Meta's Pivot: From Bragging Rights to Budget Alarms

Reacting to alarming cost projections, Meta initiated a significant course correction. The company is rolling out an internal control plane named AI Gateway to approximately 6,000 developers, designed to monitor prompts, assign token budgets, and issue real-time alerts for consumption spikes. According to industry reports, this new strategy signals a policy shift toward more controlled token usage, with per-team caps expected in the coming years. The guidance also steers engineers away from expensive third-party models toward MetaCode, the company's in-house AI assistant, to control both spending and data governance.

Navigating Conflicting Signals and the Future of PSC

The abrupt policy shift reportedly created whiplash within the engineering culture. Teams that were previously encouraged to use verbose, chain-of-thought prompts found similar practices later scrutinized. This has developers joking on Slack about "prompt inflation" - crafting unnecessarily wordy inputs to pad counts - while leaders worry that hard caps could stifle innovation.

Looking ahead, Meta plans to evolve its evaluation metrics. A company executive quoted by Business Insider confirmed that future reviews will not use individual AI usage scores. Instead, the focus will shift to "AI-driven impact," prioritizing outcomes per token rather than raw volume. The AI Gateway team is also exploring dynamic pricing to make tokens consumed during peak hours weigh more heavily against budgets, framing the new controls as essential risk management.


Why did Meta start tying AI token usage to its Performance Summary Cycle (PSC)?

Based on available reports, Meta is tying performance expectations to 'AI-driven impact' rather than individual AI usage metrics. The goal was to encourage AI adoption and measure productivity, but the metric quickly became a competitive scoreboard. Employees discovered that higher token counts often translated into better review scores, so they optimized prompts and workflows to maximize token consumption rather than product value.

What does "tokenmaxxing" look like inside Meta?

Teams created internal leaderboards that publicly rank engineers by monthly token totals. A viral dashboard once let coworkers compete head-to-head until it was shut down. The behavior ballooned to an estimated 60.2 trillion tokens consumed in a 30-day window - enough to push internal AI bills toward significant costs even after Meta's large-volume discounts.

How expensive is tokenmaxxing?

At public-market rates for frontier models, those 60.2 trillion tokens would represent substantial costs, though the exact calculation depends on the specific models and pricing structures used. Meta pays considerably less due to volume discounts, cached-input savings, and partner-hosted inference arrangements, yet the absolute spend still triggered internal concerns about escalating AI costs.

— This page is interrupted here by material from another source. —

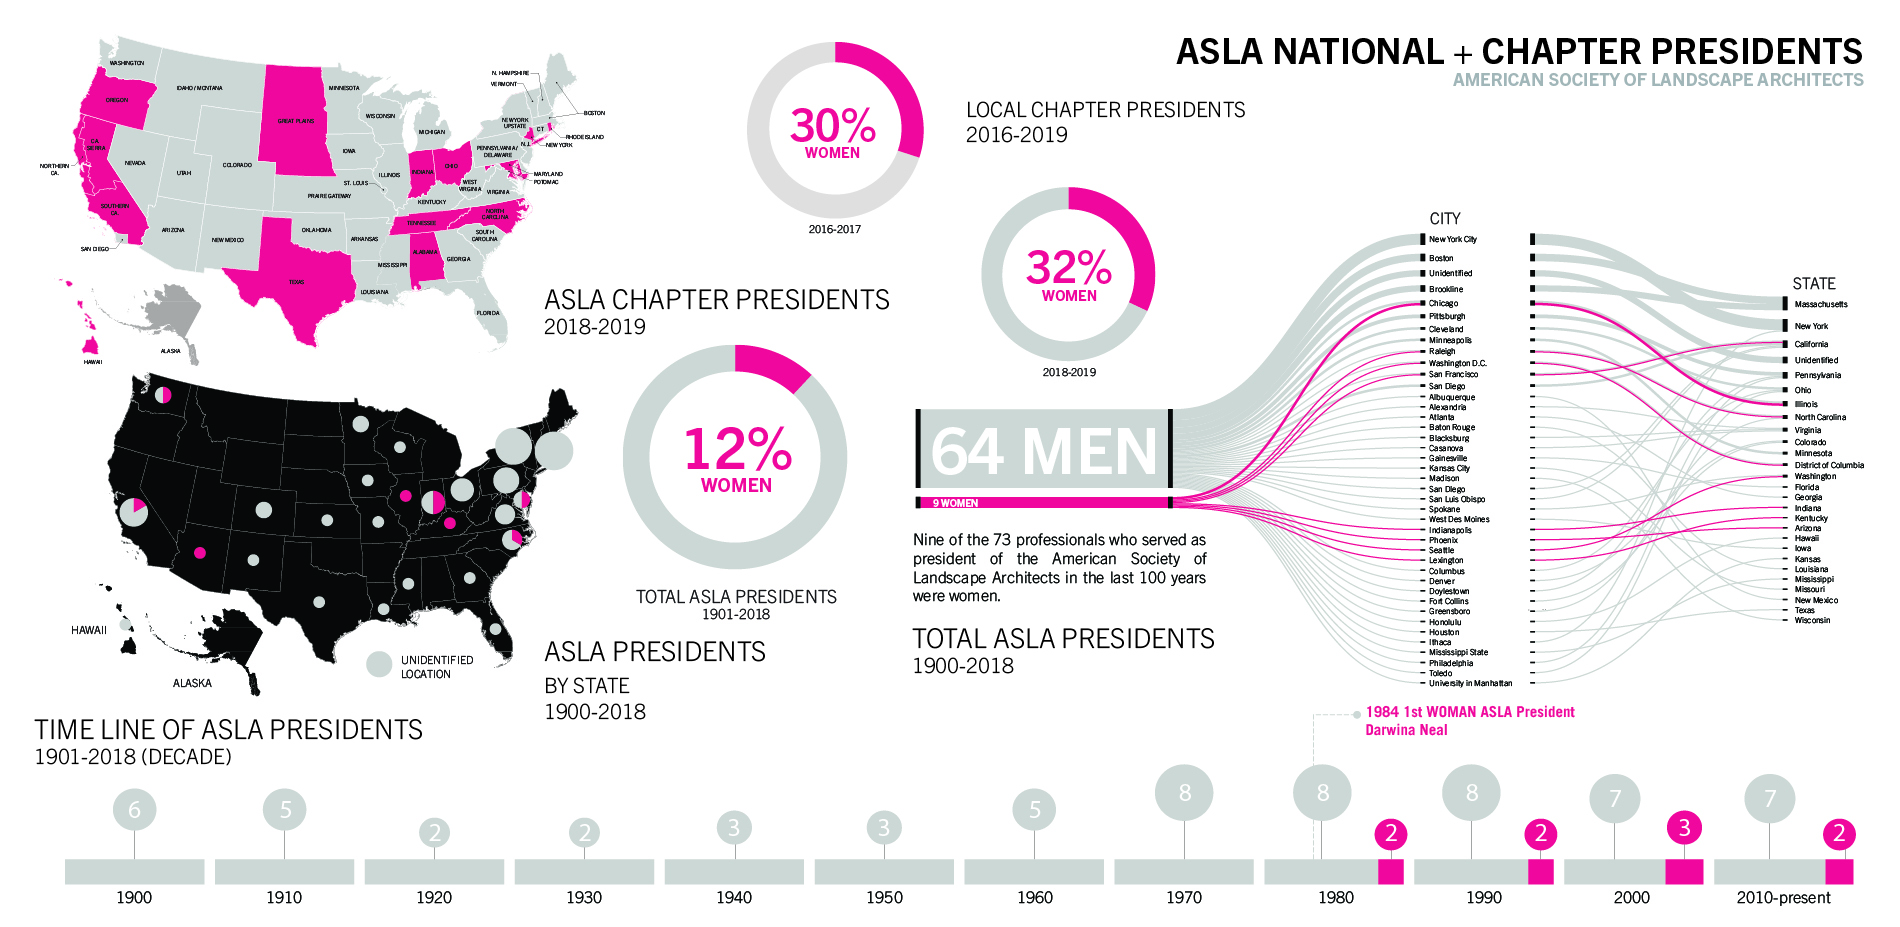 ASLA National + Chapter Presidents

What corrective actions has Meta taken?

Meta is now shifting toward more controlled token usage:
- AI Gateway dashboard tracks usage in real time and triggers alerts for anomalous spend
- Token budgets and quotas are being implemented
- Future reviews will focus on AI-driven impact rather than raw token volume

Could tighter token caps stifle innovation?

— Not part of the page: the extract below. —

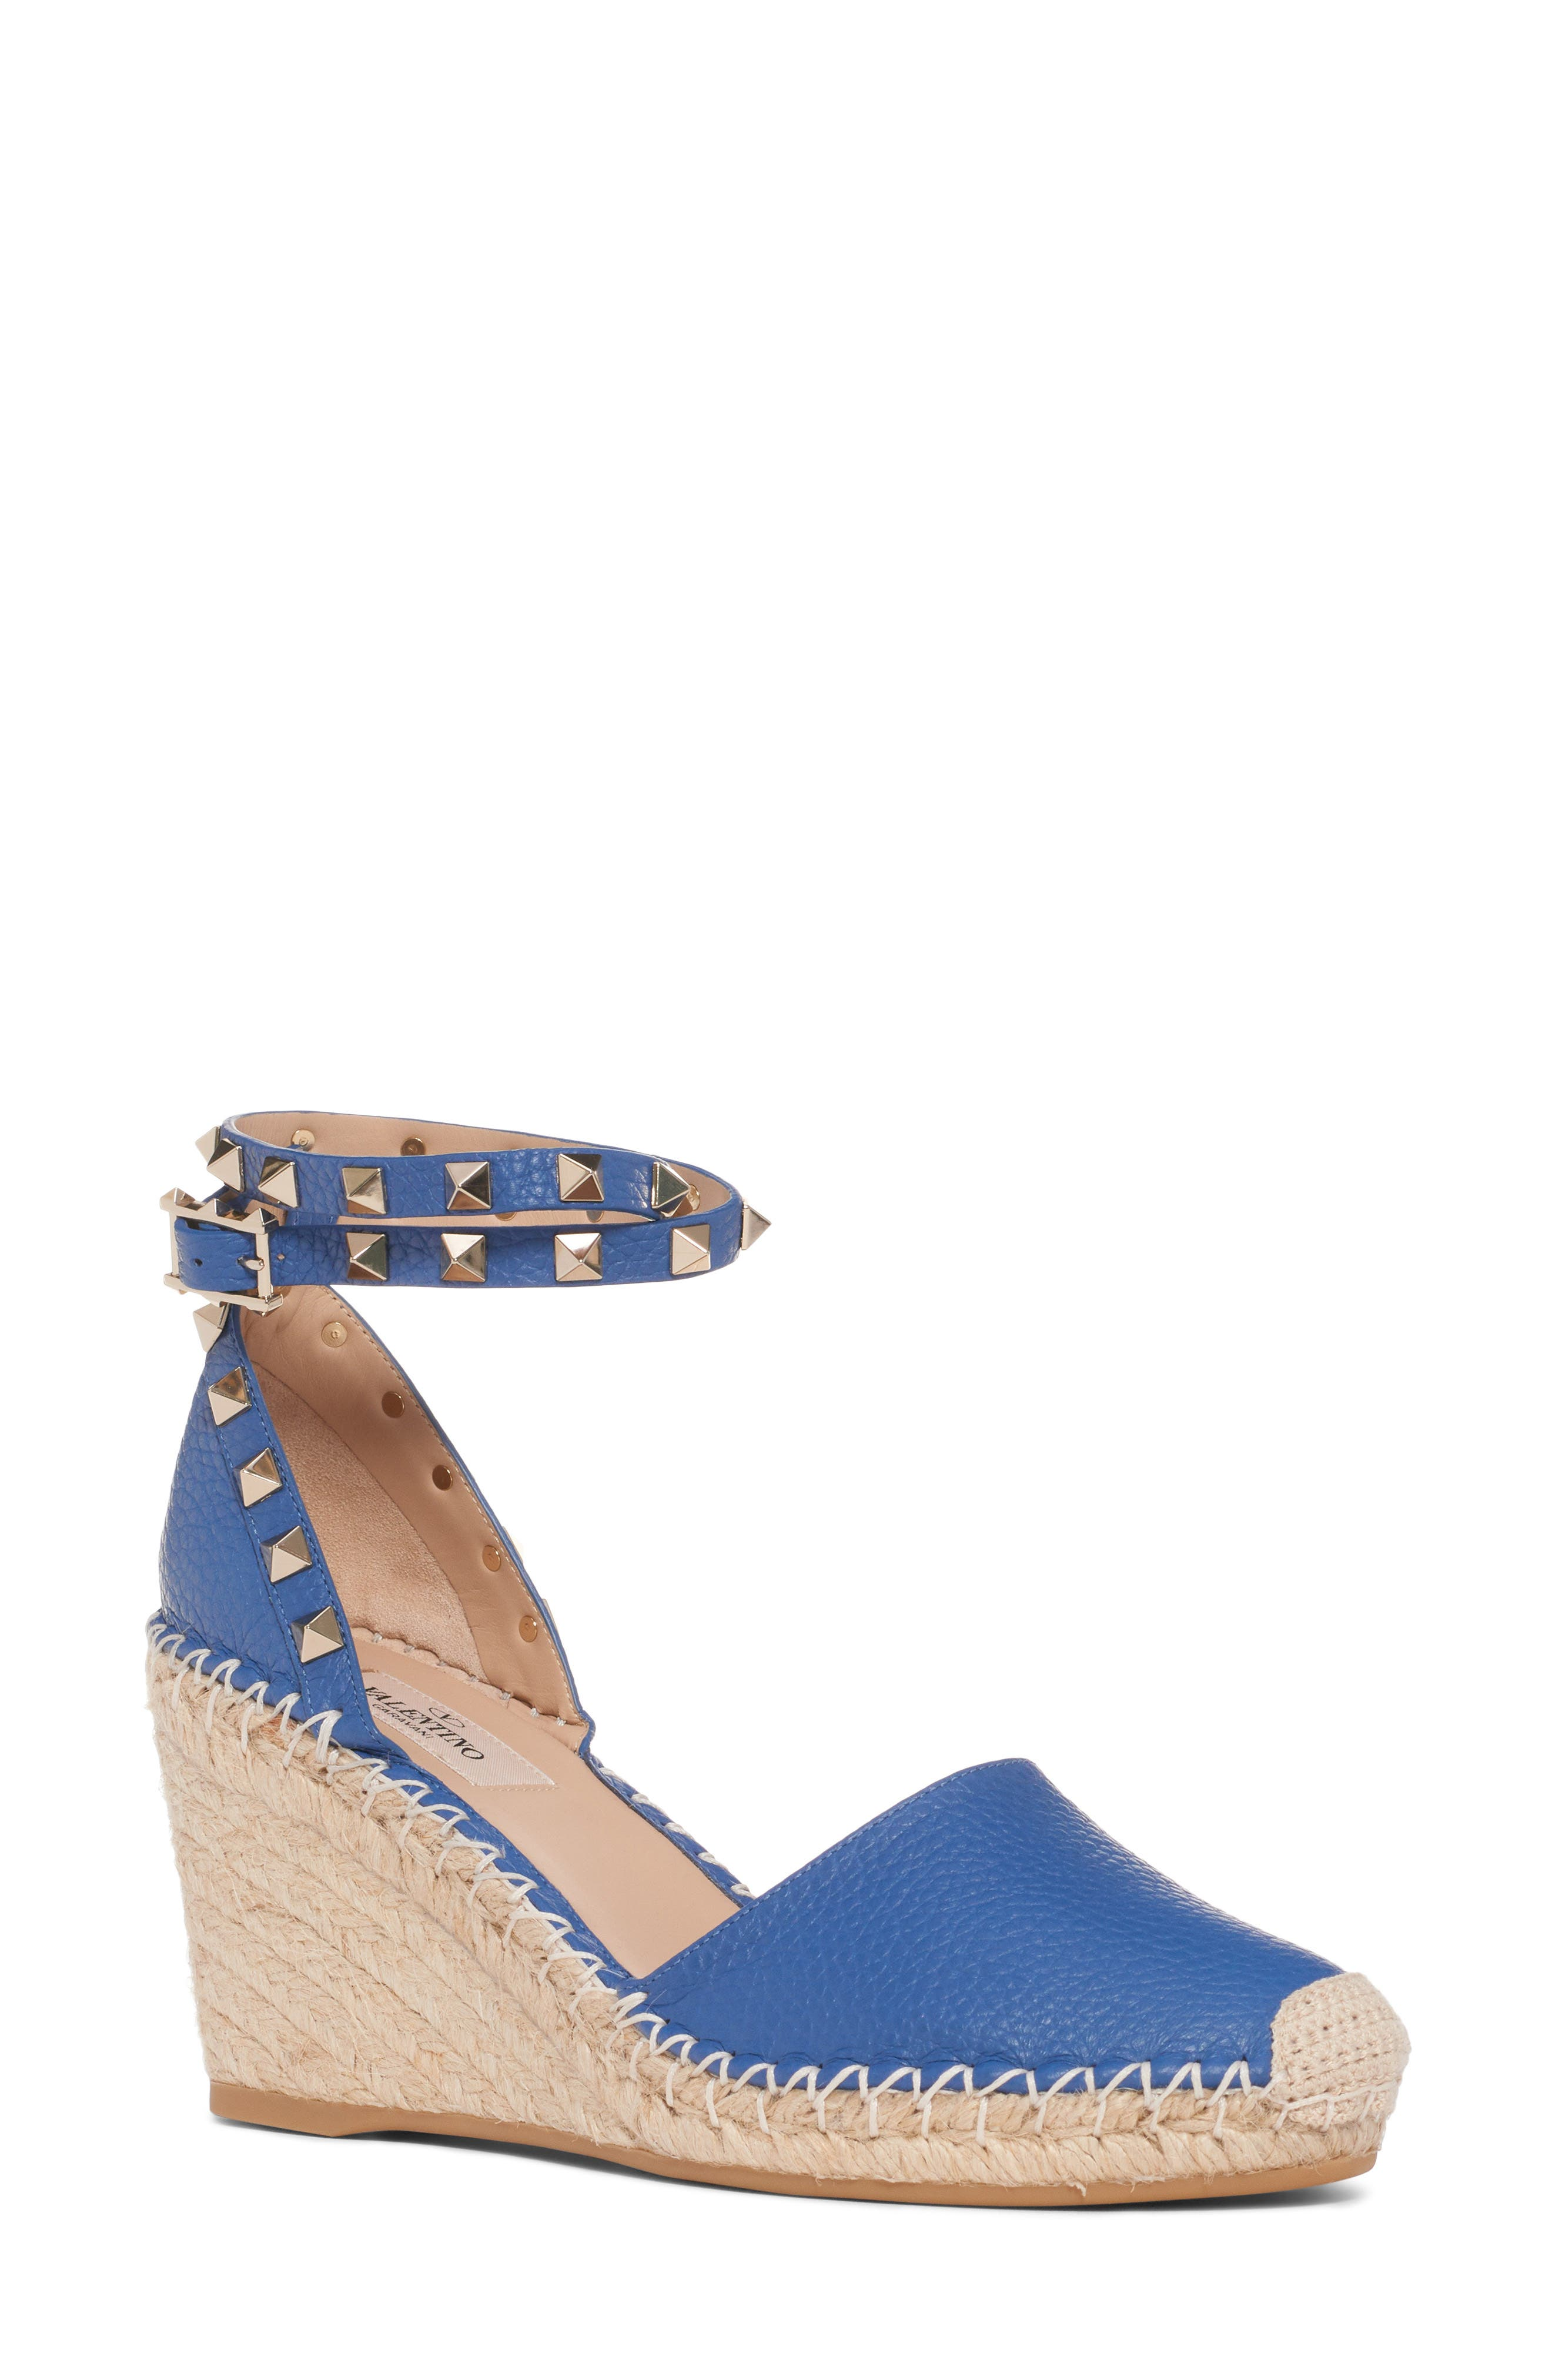 52a709b9d15 Valentino Women s Blue Shoes

Meta faces a classic trade-off:
- Upside: Cost controls free budget for additional experiments and tighter model selection
- Risk: Strict caps make engineers reluctant to run exploratory prompts, multi-step reasoning, or large-context jobs that often yield the biggest breakthroughs

Internal guidance now encourages outcomes per token instead of raw volume, nudging teams toward leaner prompts and smarter orchestration rather than blanket token cuts.